After that, in step S202, the positions of the first 4 pulses i(0) to i(3) are appointed as ones with local maximum values in each of tracks T1 to T4.
That is, at step S202, the pulses i(0) and i(1) in the first level are fixed to the positions, which are the numerals 30 and 31 in FIG. 3, with maximum values of the tracks T1 and T2. To be more specific, since the inventive process searches the total 24 pulses with pairs of 2 pulses, there exist the total 12 number of search levels and, among them, the pulses i(0) and i(1) in the first level are fixed to the positions with maximum values of tracks T1 and T2. And, the pulses i(2) and i(3) in the second level are fixed to the positions, which are the numerals 32 and 33 in FIG. 3, with maximum values of the tracks T3 and T4.
Next, in step S203, positions of two optimal pulses i(x) and i(y) in two consecutive tracks are searched.
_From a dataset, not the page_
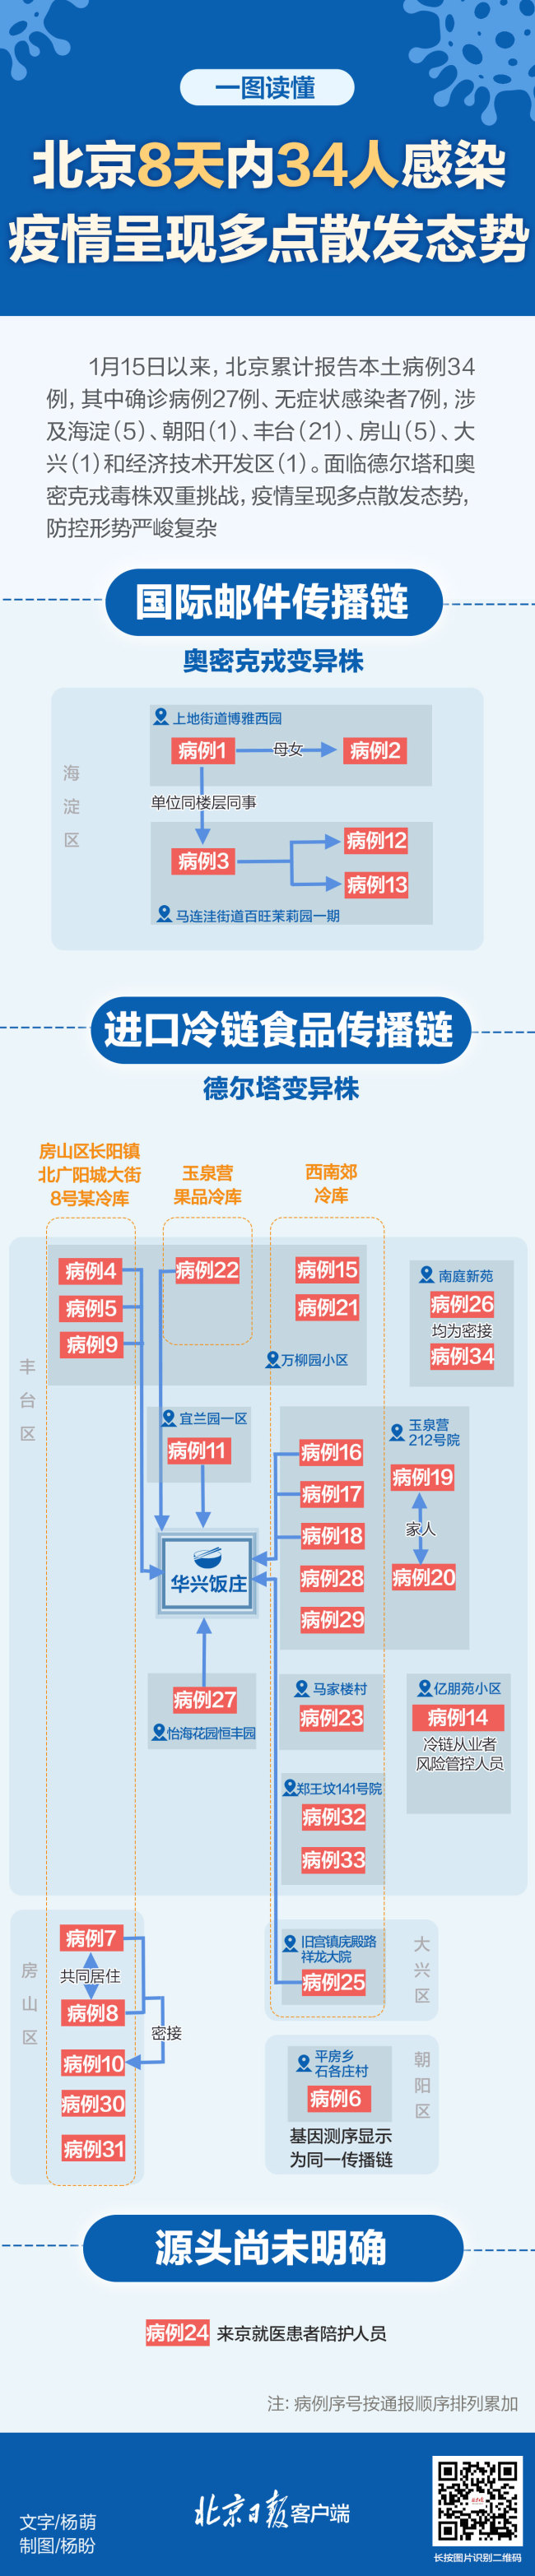 北京自1月15日以來新增34例感染者 病例關係速覽

That is, at step S203, to decide the positions by means of a combination of the two pulses i(4) and i(5) in the third level, the optimal positions, which are the numerals 40 and 41 in FIGS. 4A and 4B, minimizing an error with the target signal in the following two consecutive tracks T1 and T2 are searched.
To determine the optimal positions of the pulses i(4) and i(5), in step S204, the value Qk, which is computed by Eq. (3), computed upon the search is stored for each pulse separately, to use in a pulse removal process later.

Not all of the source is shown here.